Some of the proposed features will be dropped to bring the cost down from Rs. 185 crores to Rs. 110 crores


  • Officials feel that the cash-strapped MCD could not afford such huge expenditure that former Commissioner Rakesh Mehta had proposed
  • Running behind schedule the project is expected to be complete by June this year

    NEW DELHI: After the exit of former Municipal Commissioner Rakesh Mehta, the cash-strapped Municipal Corporation of Delhi has now started the process for making its controversial slaughterhouse project -- Delhi Food Processing Complex (Meat) -- at Ghazipur in East Delhi "financially viable" by bringing down its cost from Rs.185 crores to Rs.110 crores.

    Senior civic body officials involved in the ambitious project since the beginning are busy trying to find out ways that could bring down the cost. And they have already identified at least two specific areas of the project that they think could be done away as they see it as wasteful expenditure for the MCD. This includes procurement of refrigerated vans for transportation of processed meat and setting up a chain of cold storage across the city for storing it hygienically.

    The officials feel that the civic body could not afford such expenditure worth crores that Mr. Mehta had proposed during his tenure that had led to escalation of the cost of the project, spread over 80 acres and comprising a mechanised abattoir, a rendering plant and an effluent treatment plant with a capacity to handle 5,000 animals daily. And now a serious thinking on the issue is presently under way, they added. "Though certain avoidable parts of the project have already been completed.

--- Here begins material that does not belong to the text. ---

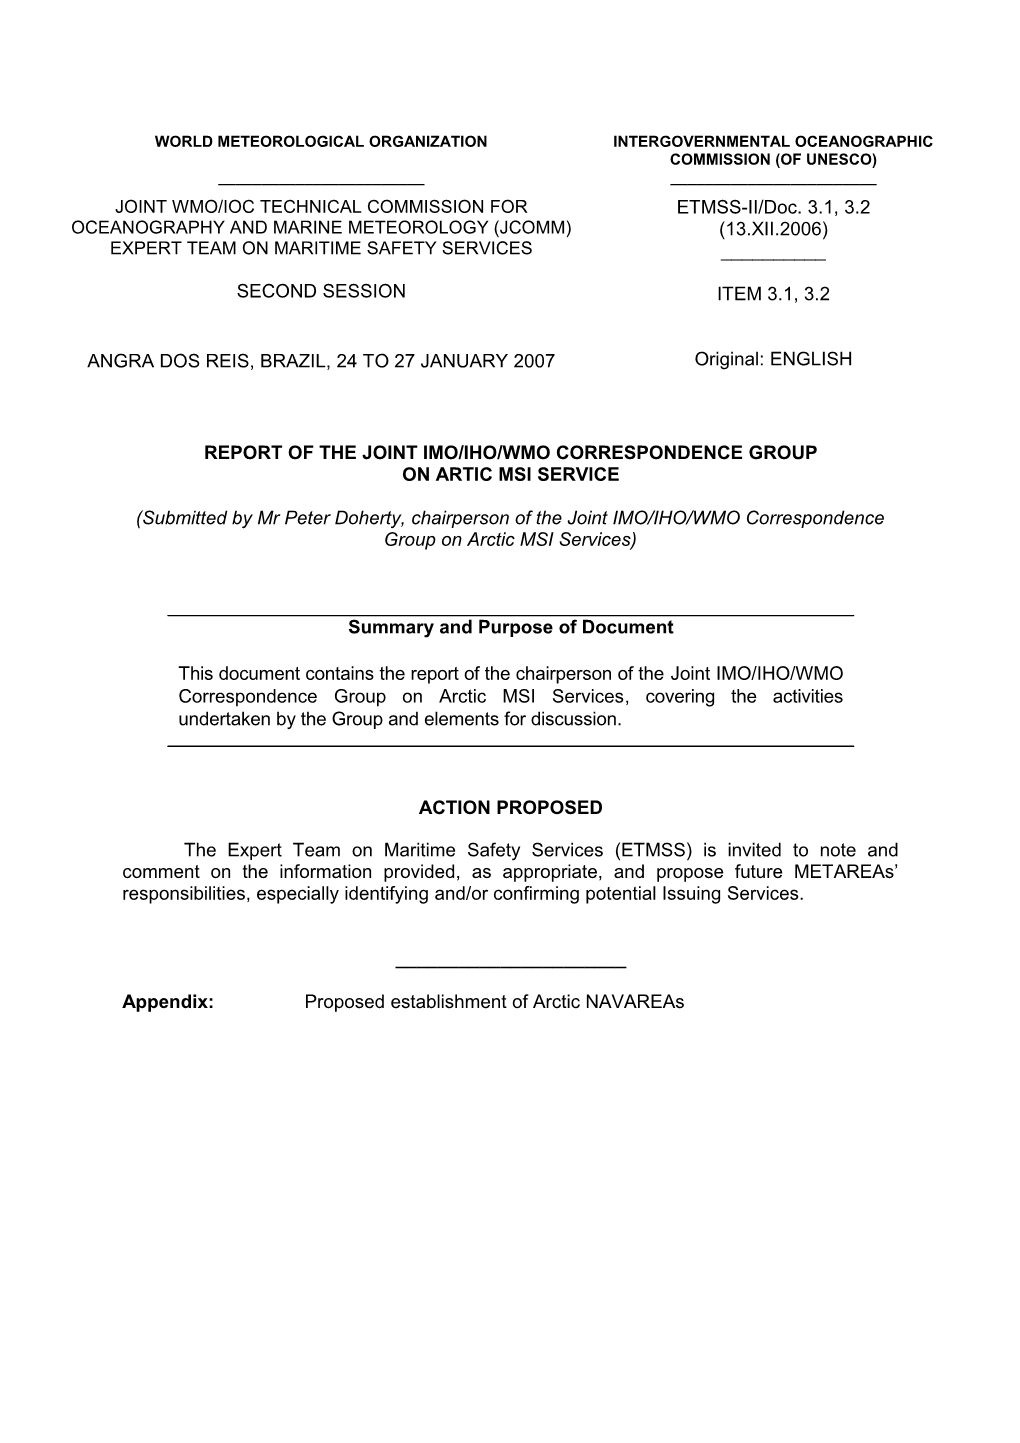 Report of the Joint Imo/Iho/Wmo Correspondence Group

But we intend not to include some other features that will help us bring down the cost," said an official.

    Significantly, initially the hi-tech abattoir was to come up at 200-year-old Idgah and was later shift to Ghazipur after the Supreme Court's intervention. As its capacity was enhanced, the project cost first went up from Rs.65 crores to Rs.110 crores and then to Rs.185 crores after Mr. Mehta included some other features in the project. Though the Centre and the Delhi Government is financially assisting the MCD in the abattoir's construction, corruption charges by various quarters of the civic body are also making officials wary.

    A senior official conceded that Mr. Mehta showed keen interest in the project, but now the zeal is missing since the new Commissioner A. K. Nigam took over. However, after the recent Supreme Court indictment of the MCD regarding the delay in the project, it has set up a high-power committee that will now be observing the construction work besides opening an office at the site itself.

    "Mr. Mehta had said that the abattoir would be opened by the end of December 2005. However, after he left, the work got delayed. We are two months behind schedule, mainly due to reshuffling of some officials involved in the project, and the project is now likely to be completed by June 2006," he added.